-- Exercise requirements --
Could you retype the lines below, starting at the line holding "Comet passing over" and stopping at the line holding "new year 2019 hd image", inclusive? Copy them exactly and drop the images.
BEGIN Data
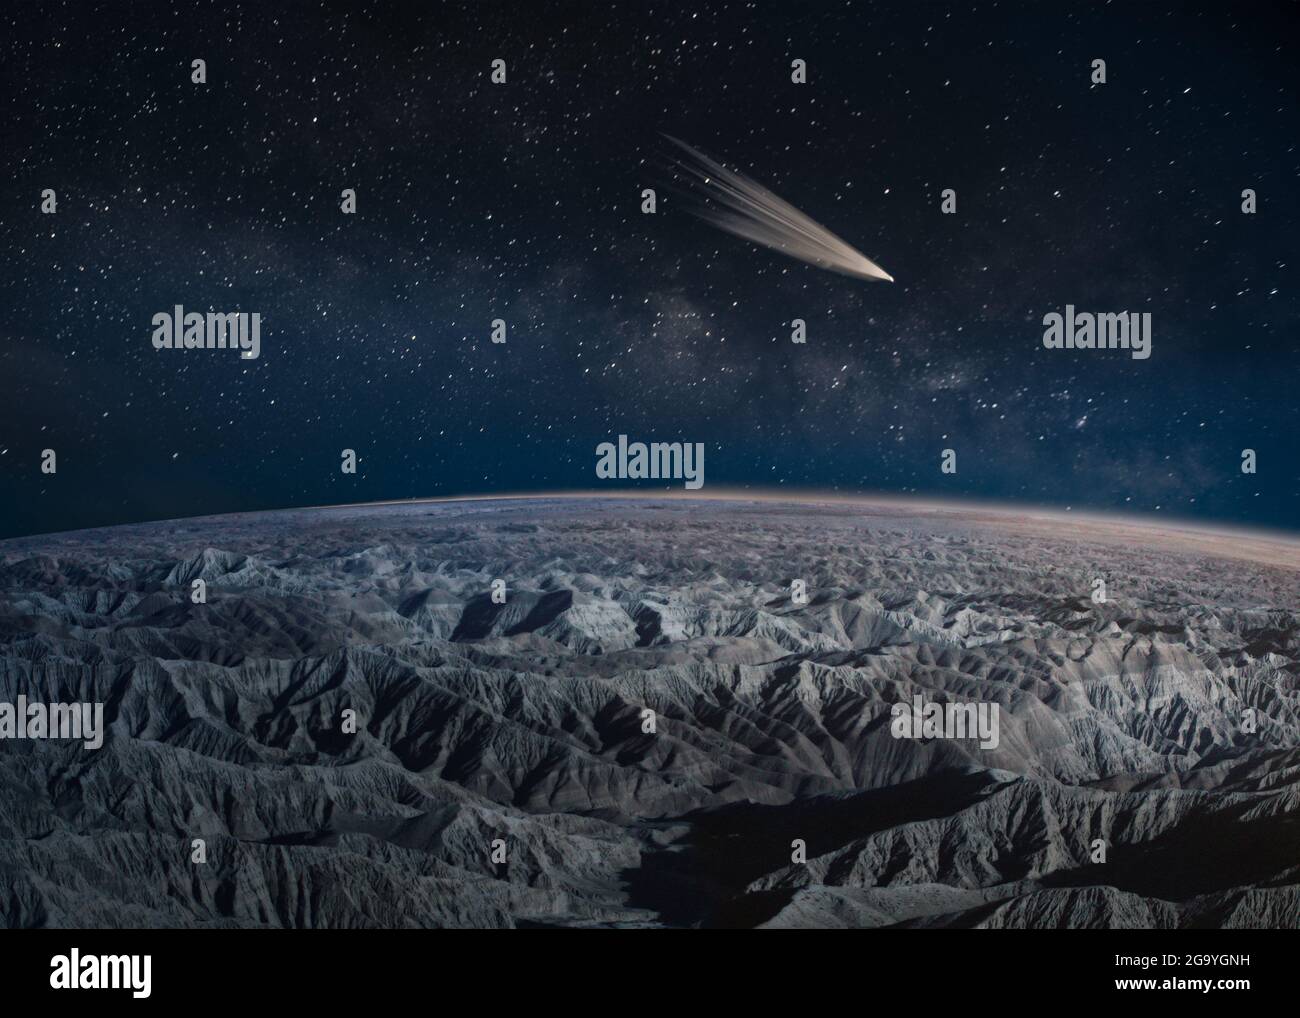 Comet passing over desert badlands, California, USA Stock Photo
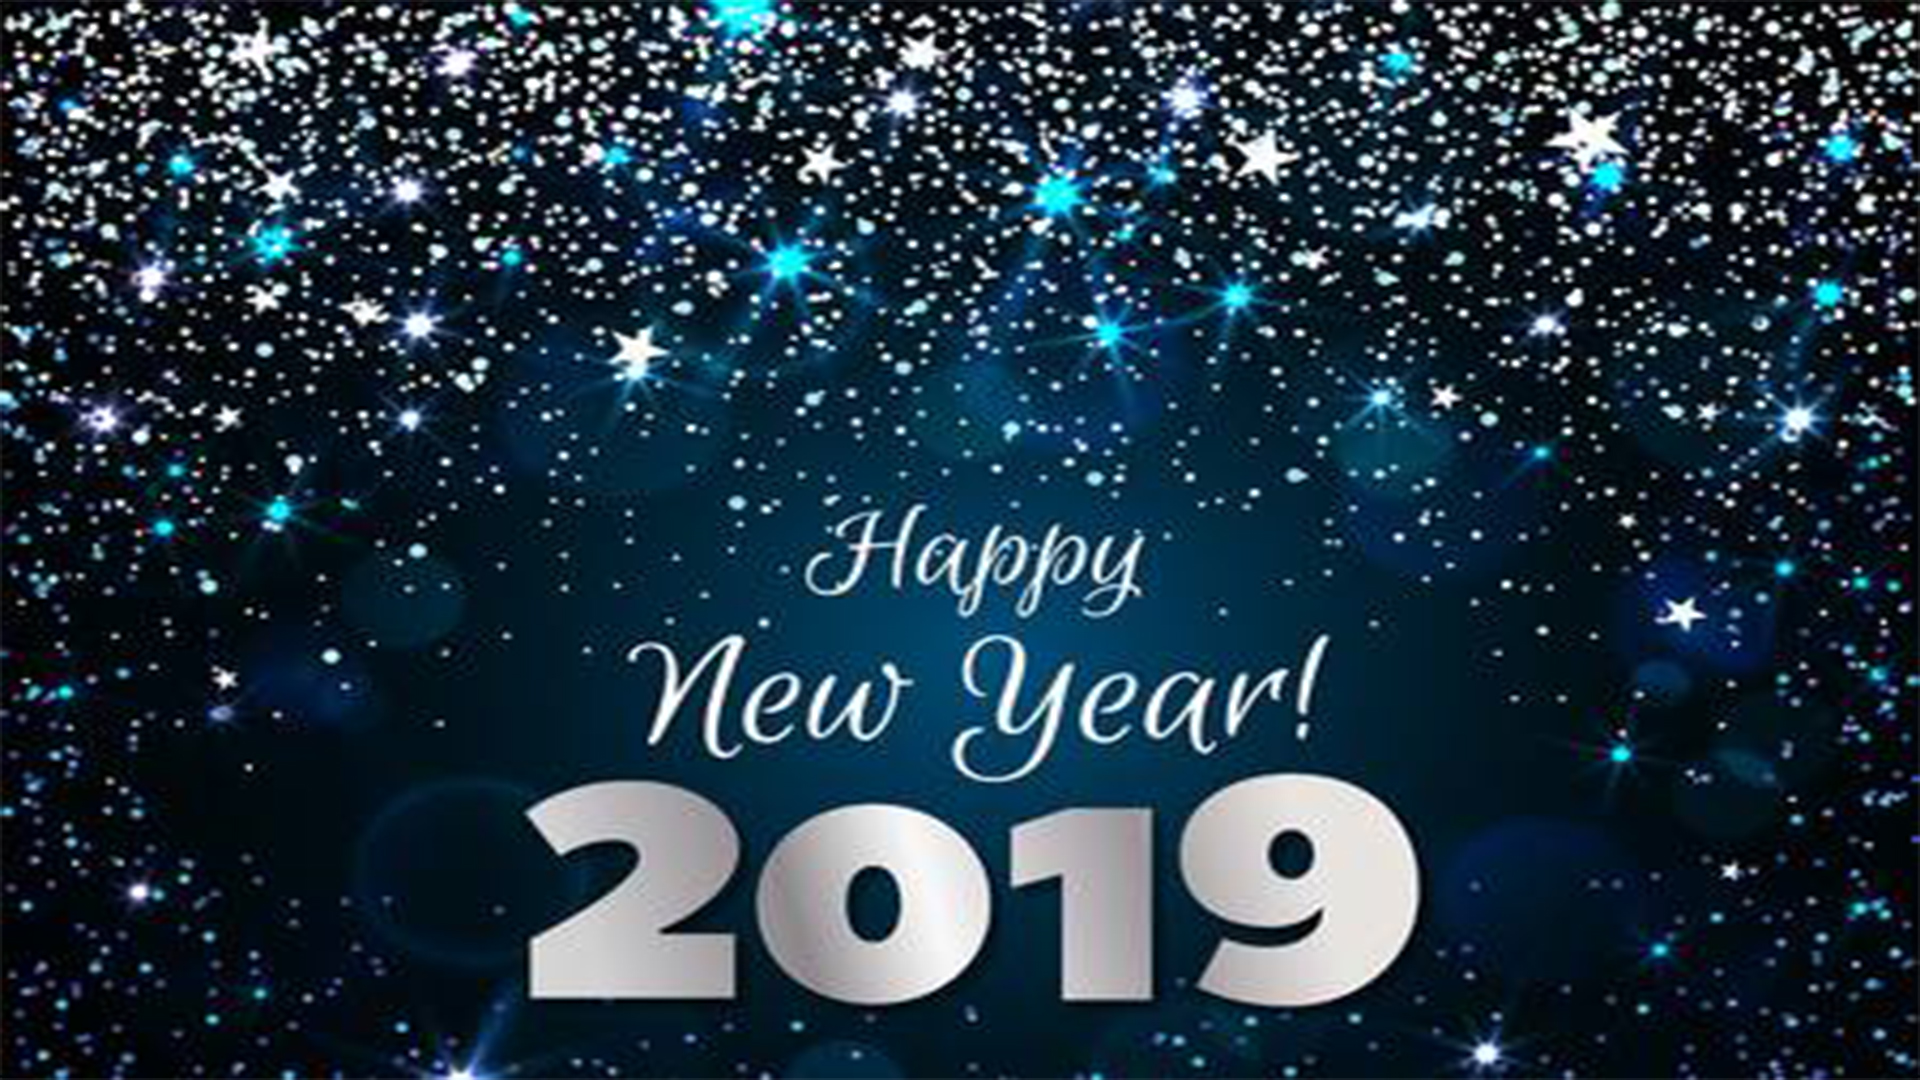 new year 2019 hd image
END Data
BEGIN Data
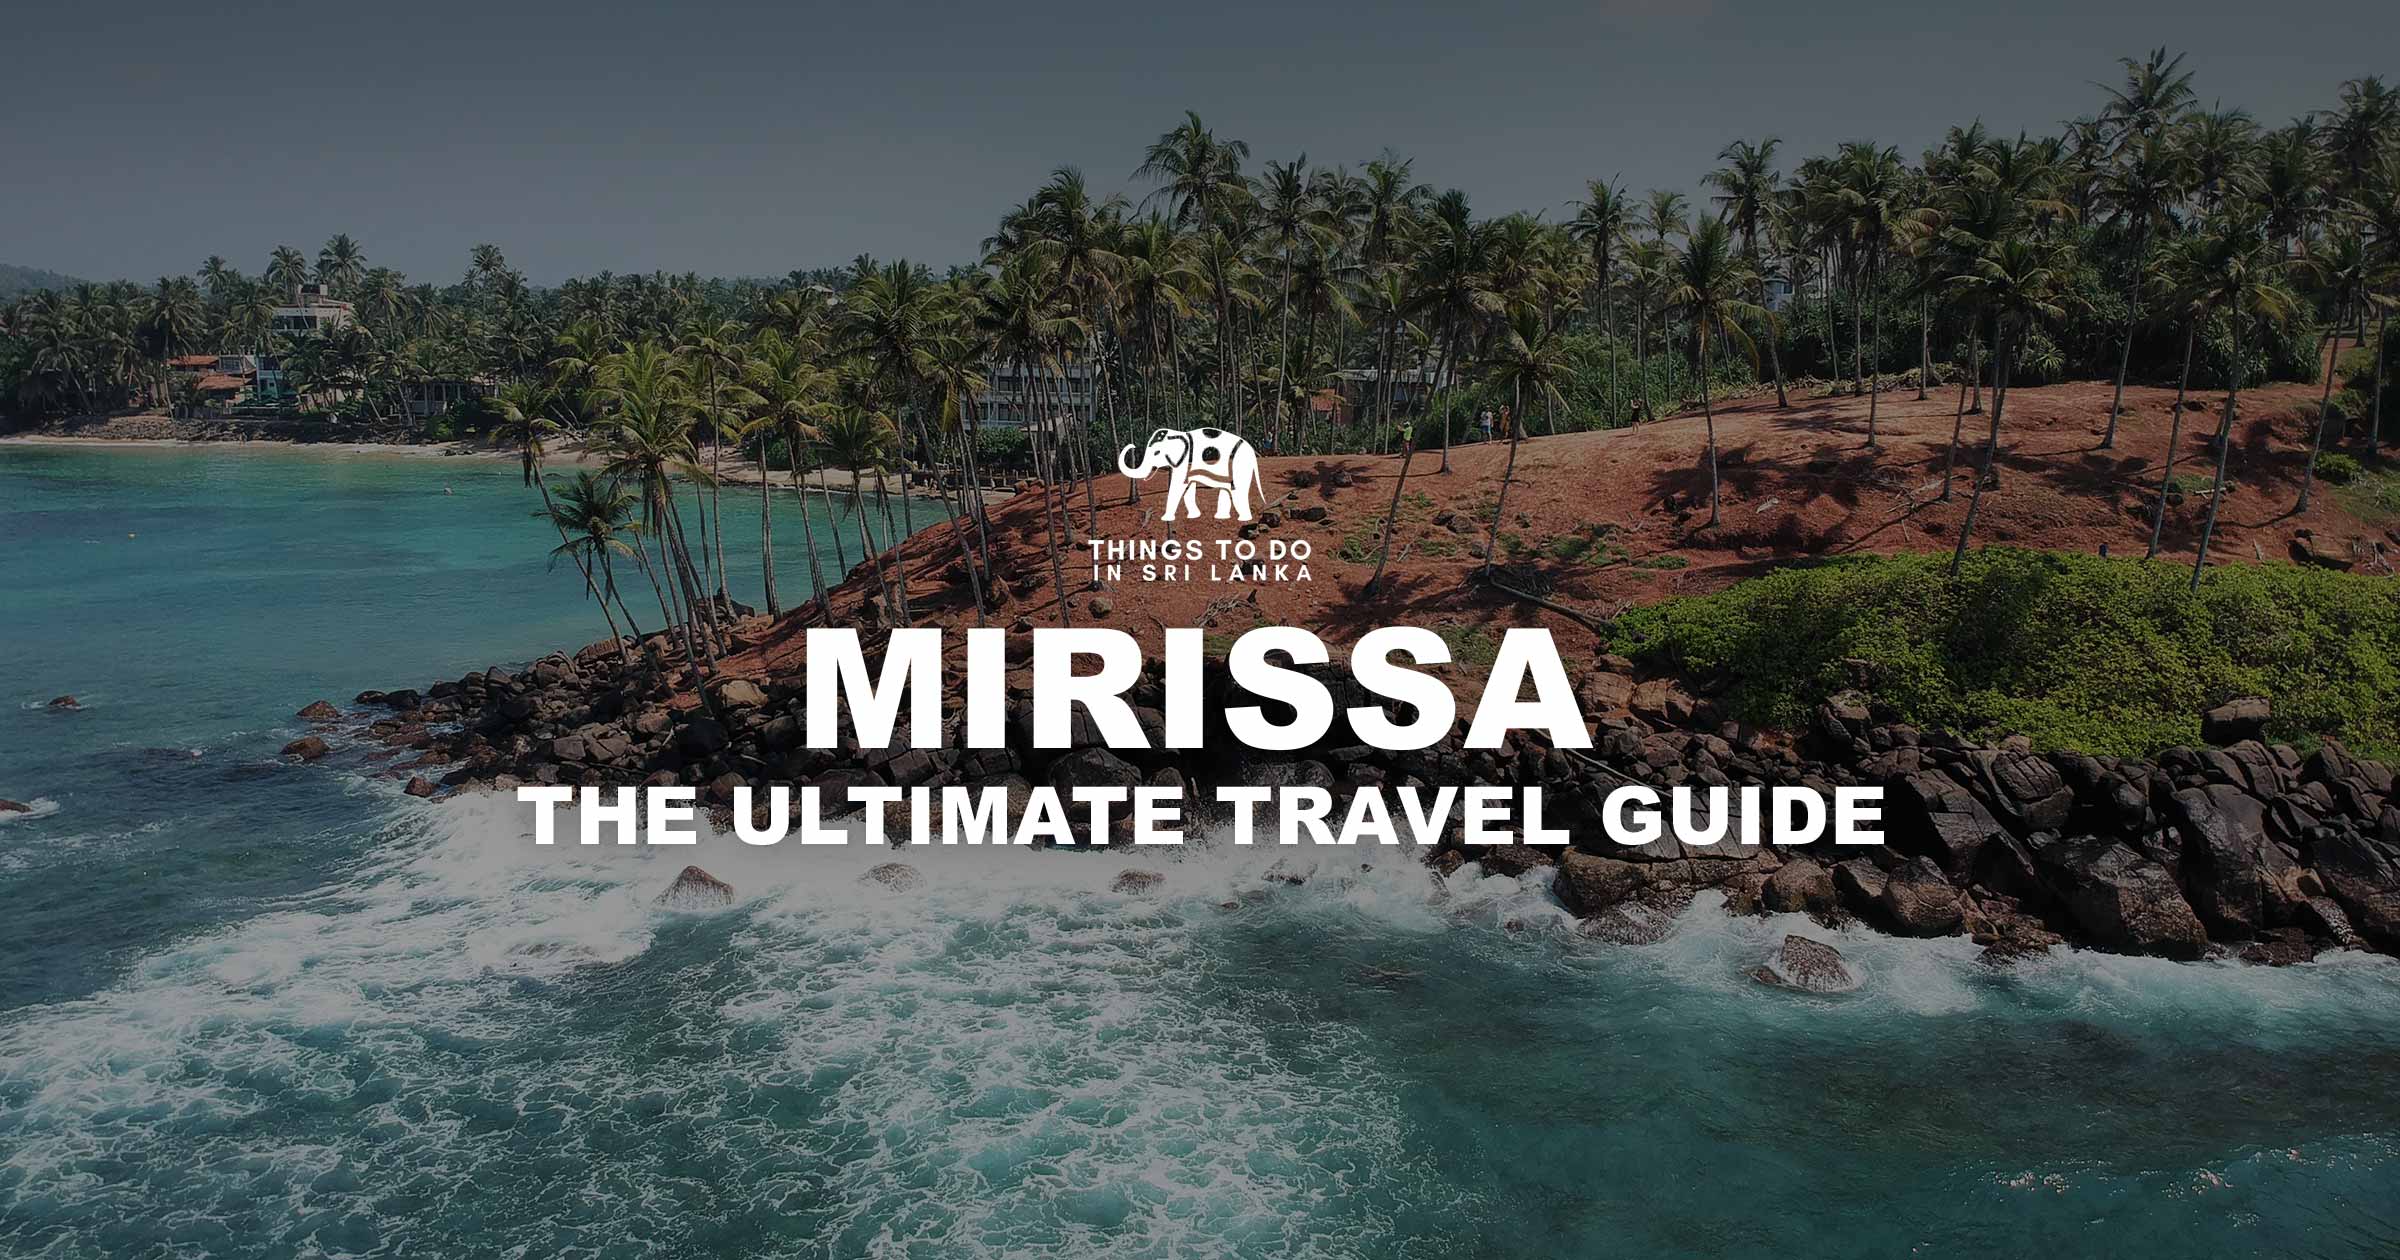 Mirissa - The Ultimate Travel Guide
END Data
-- Answer --
 Comet passing over desert badlands, California, USA Stock Photo
 new year 2019 hd image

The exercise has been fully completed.